━━━━━ AVAILABLE DATA

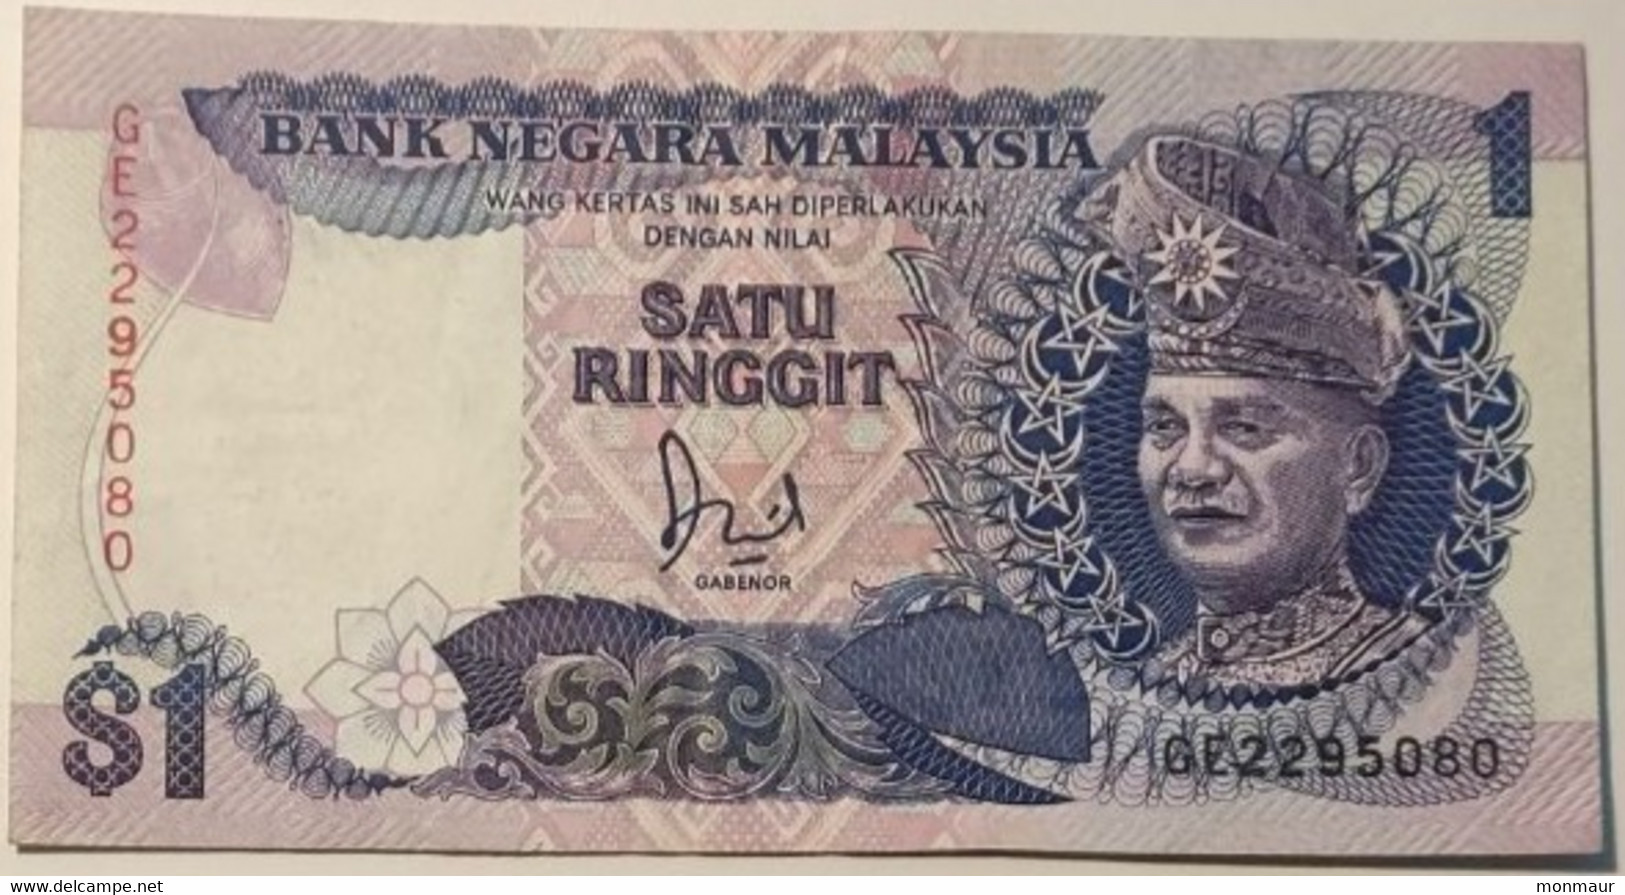 MALESIA 1989  1 RINGGIT - Malasia
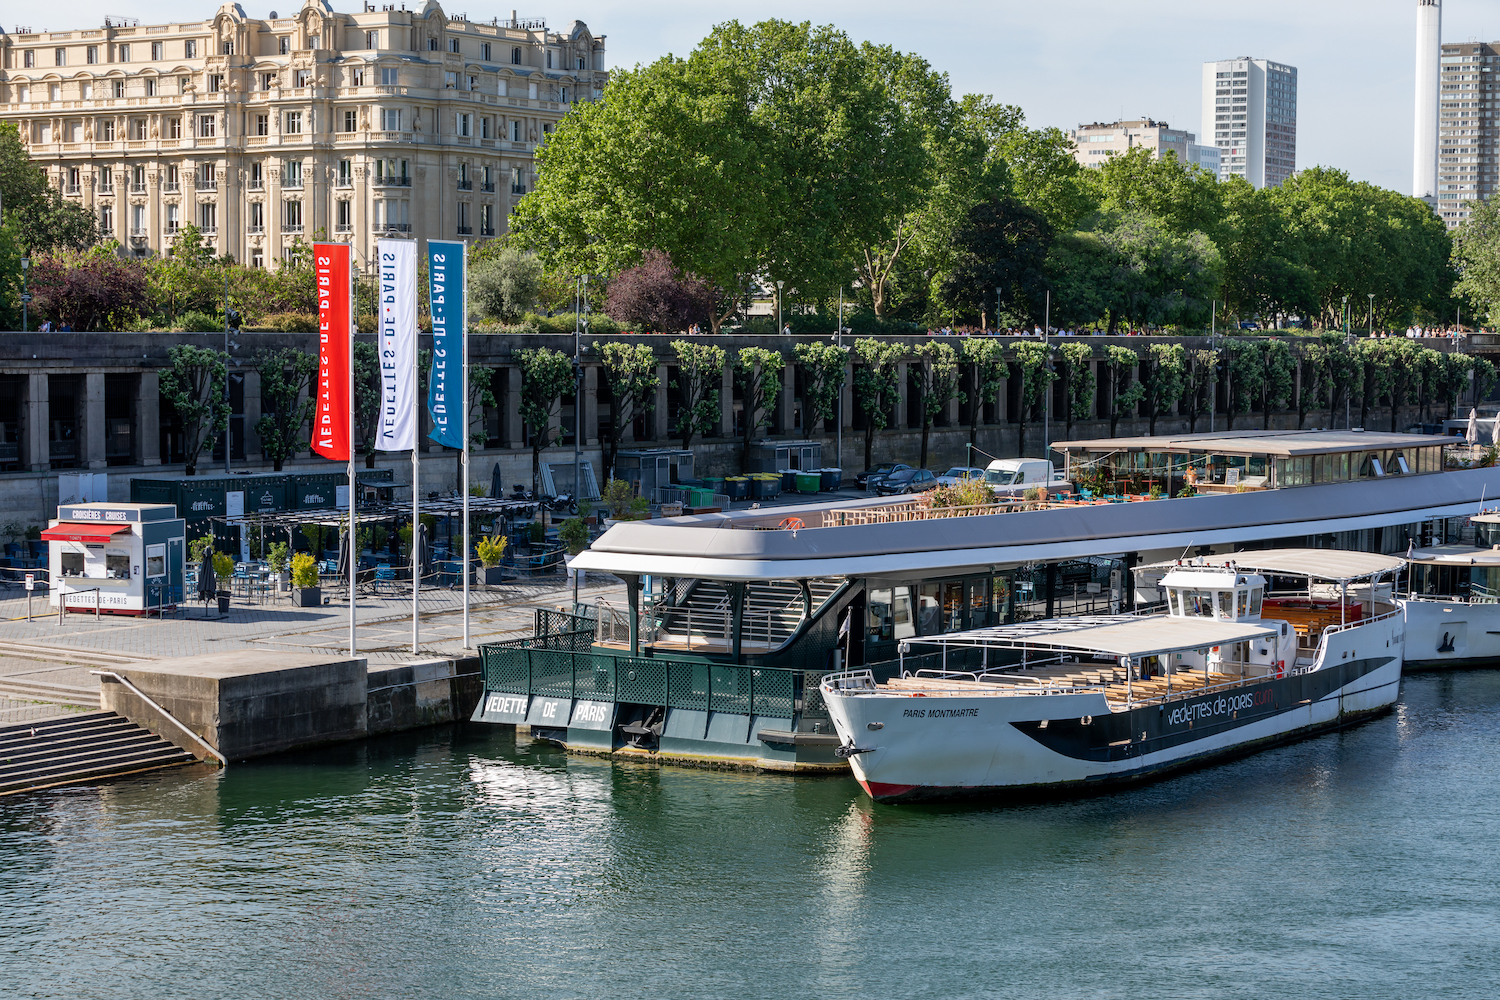 Le nouveau ponton est installé au pied de la tour Eiffel (©Vedettes de Paris)
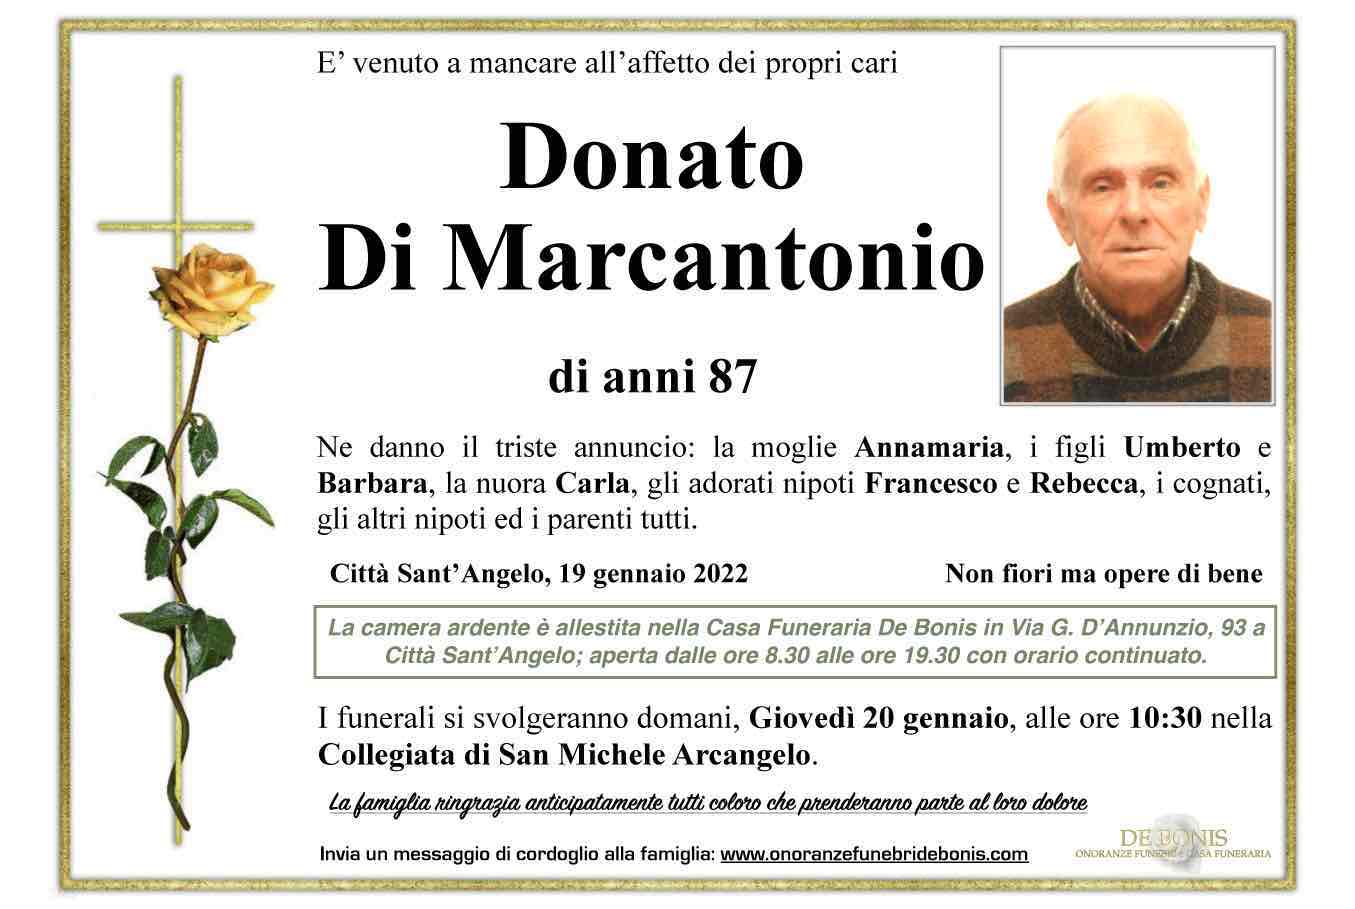 Donato Di Marcantonio

━━━━━━━━━━

◆ HOW TO COMPLETE THIS TASK ◆
Take the line containing "Le nouveau ponton" and every line after it up to the end of the data, and write them out exactly, without the pictures.

◆ TASK RESPONSE ◆
 Le nouveau ponton est installé au pied de la tour Eiffel (©Vedettes de Paris)
 Donato Di Marcantonio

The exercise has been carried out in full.